Figure 5 Interactions between the protonated form of compound 24 (ball-and-stick model) and HA (stick model) mediated by saltbridges. Only hydrogens in hydroxyl groups or connected to nitrogen are shown. Building of the compound and visualization of both molecules were performed using the program SYBYL from Tripos (www.tripos.com). HA₈ molecule was taken from the RCSB protein data bank (PDB accession code: 2BVK) [46].

Therefore we conclude that soluble (indol-3-yl)acetamides carrying a pyridine structure as N-(4,6-Dimethylpyridin-2yl)-(1-ethylindole-3-yl)acetamide, our compound 24, N-(4,6-Dimethylpyridin-2-yl)-(1-benzylindole-3-yl) acetamide (25) and N-(pyridin-2-yl)-(1-benzylindol-3-yl) acetamide (26) are able to bind HA in the protonated form at pH 3.5 via electrostatic interaction between the two positively charged nitrogens and the negatively charged carboxylate groups of HA. This binding leads to a more stretched and less folded HA polymer which is better accessible and cleavable by hyaluronidases. Because the indole nitrogen of the (indol-3-yl)carboxamide derivatives is not as basic as of the acetamide derivatives it could be not protonated and as a consequence indole carboxamides would be much weaker activators of HA degradation.

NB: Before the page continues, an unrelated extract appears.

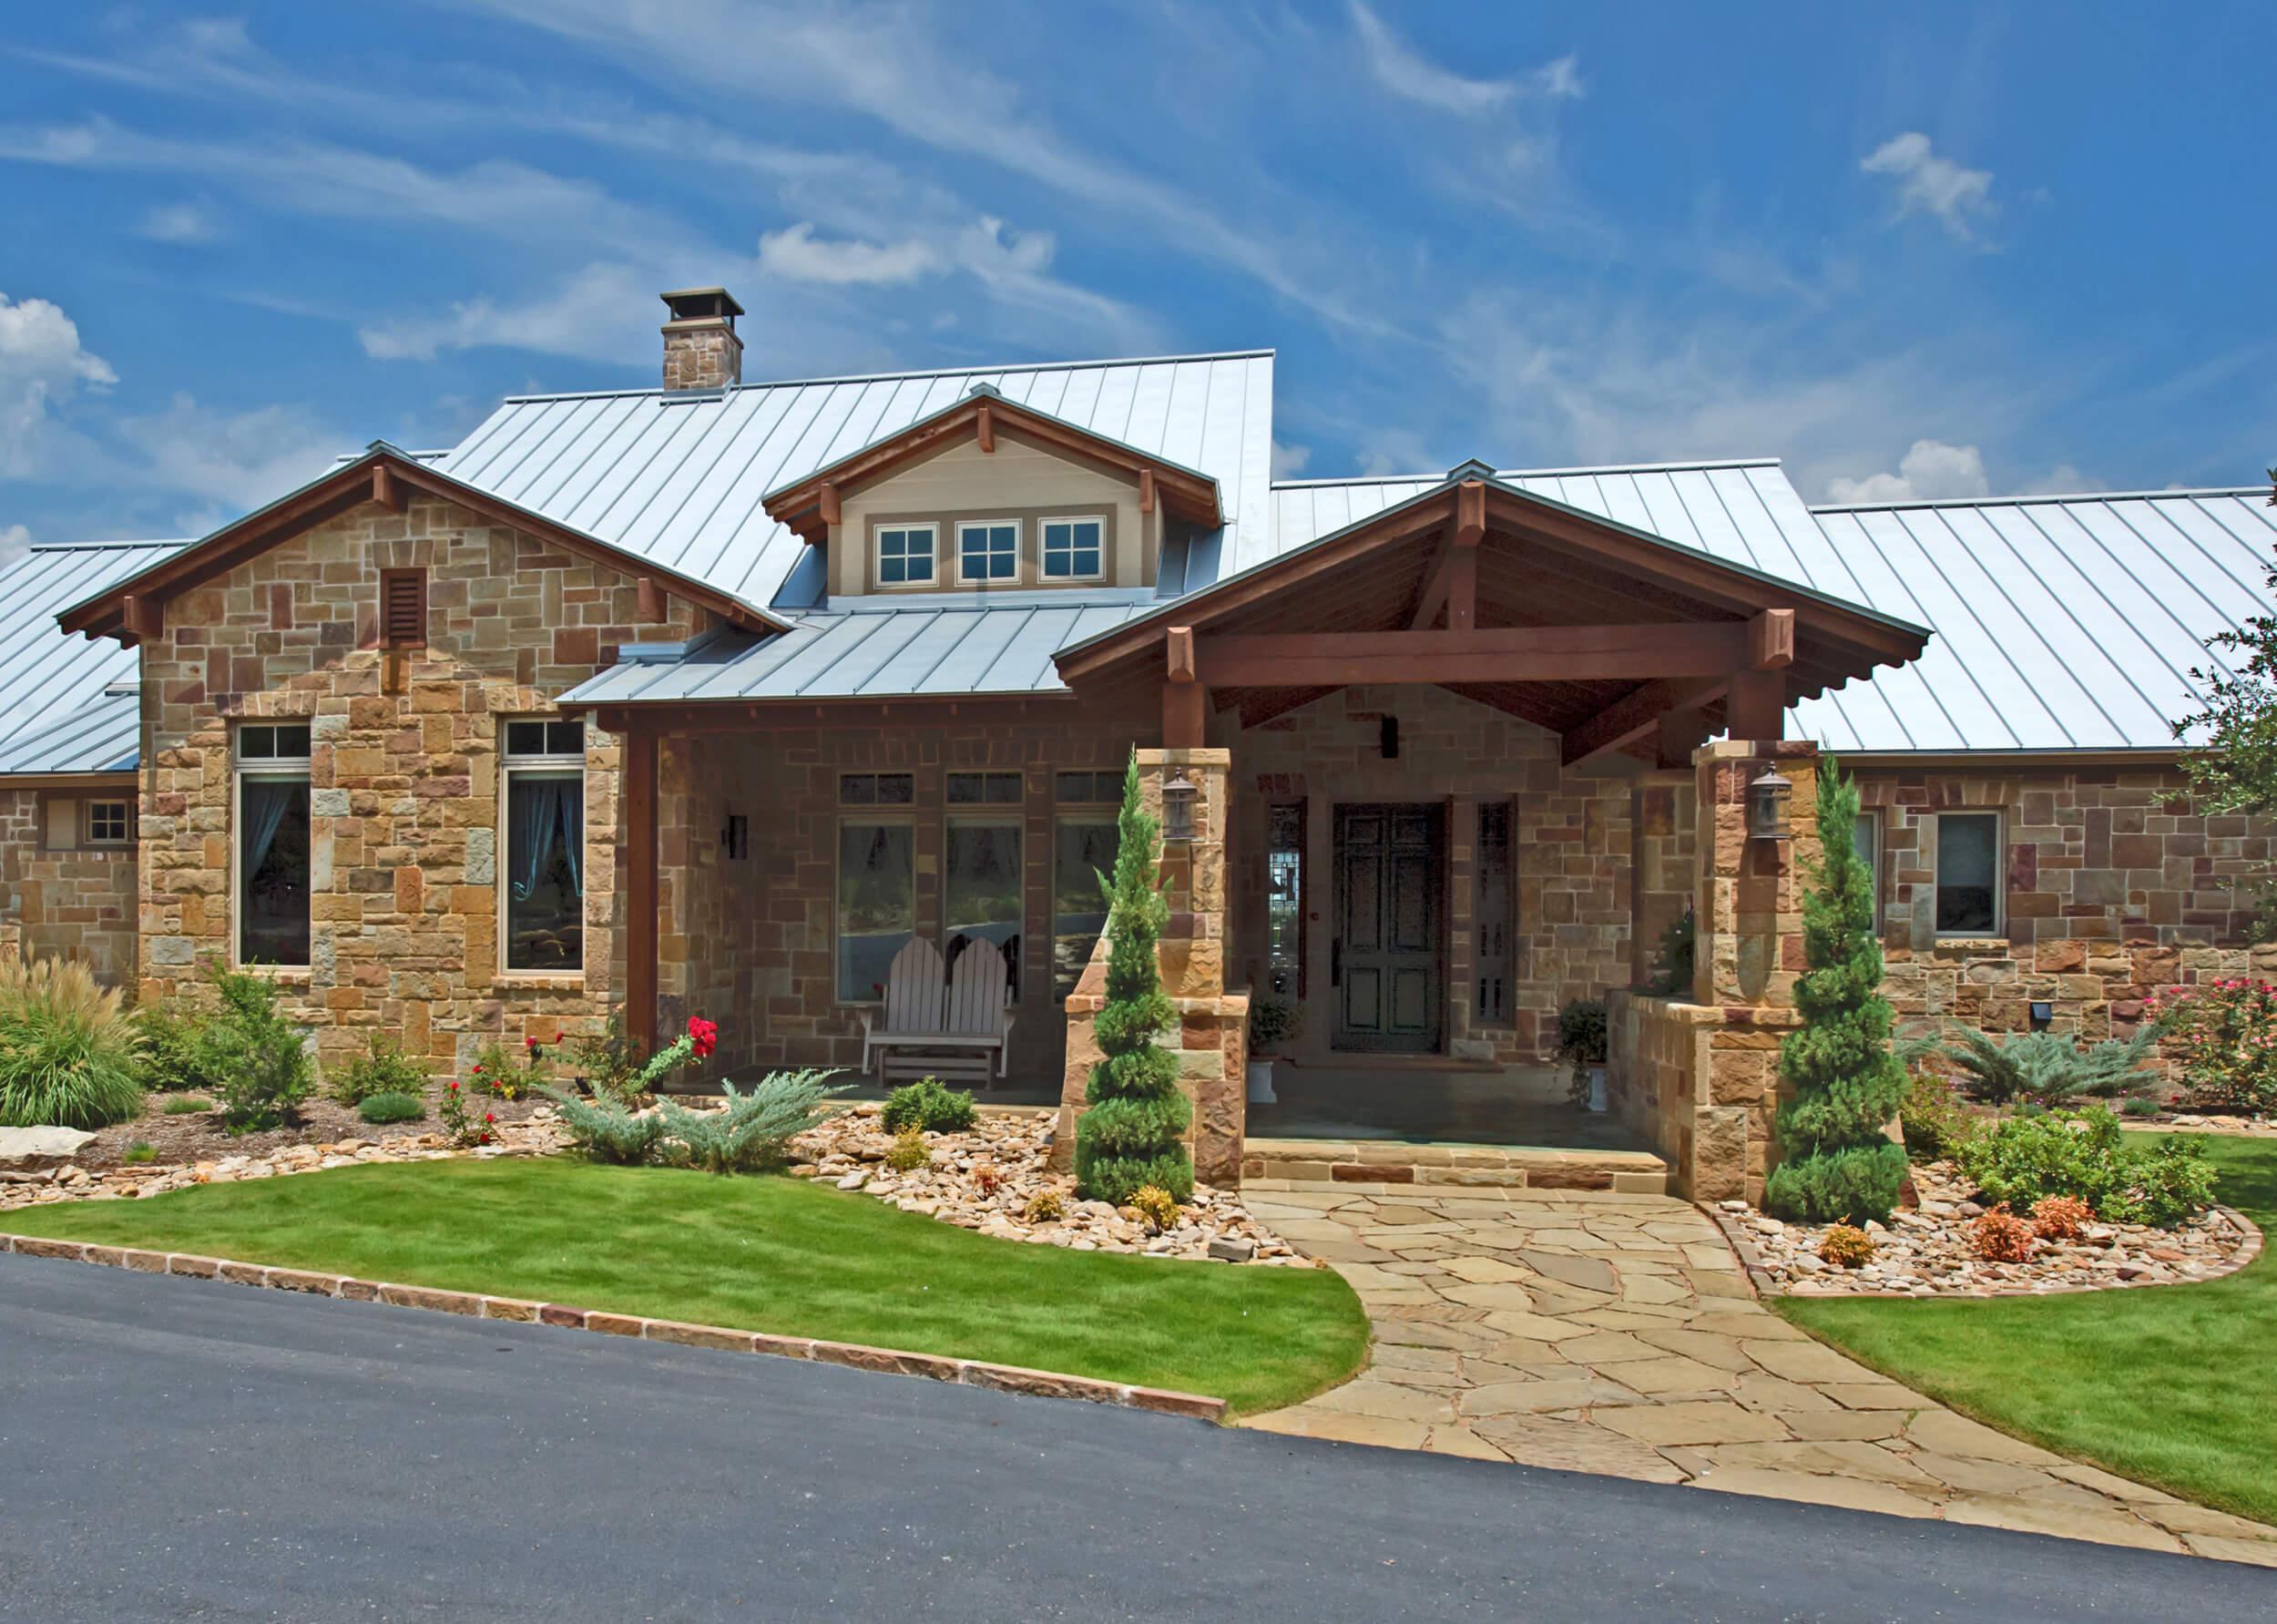 Steve Bumpas Custom Homes Ridgeview 03 Homebuilder Remodel Granbury Brazos Bend Cresson DeCordova Pecan Plantation Tolar Glen Rose Fort Worth.jpg

A lack of hyaluronidase activity has been identified for different sort of mucopolysaccharidosis [18] and some cancer cells 192021 in combination with an increased level of HA. In these cases, drugs which elevate HA digestion might be very useful. NaCl or other salts cannot be used as treatment agents without disturbing salt homeostasis in the human body. Hyaluronidase activating proteins like BSA or even hyaluronidases themselves are also difficult drugs, because they might cause allergic reactions and show a poor bioavailability. The compounds we presented here are non-proteinogenic and could lead to drugs which can be used to elevate hyaluronidase activity. Tranilast, an antiallergenic substance, has been described as a hyaluronidase activating drug in the literature before [42]. It is an acidic compound and therefore carries no positive chargings at lower pH. In contrast to our compound N-(4,6-Dimethylpyridin-2yl)-(1-ethylindole-3-yl)acetamide (24), which elevated BTH activity up to 125% at a concentration of 26 μM, a very high concentration of about 500 μM tranilast was needed to reach the same amount of activation at pH 3.5. In summary, it can be assumed, that (indol-3-yl)acetamide derivatives carrying a pyridine structure can be used as a starting point for further development of both, hyaluronidase inhibiting as well as activating agents, at different pH.

Acknowledgements

We would like to thank Birte Schmitz for excellent technical assistance in the visualization of the interaction of the molecules.

Declaration of interest: The authors report no conflicts of interest. The authors alone are responsible for the content and writing of the paper.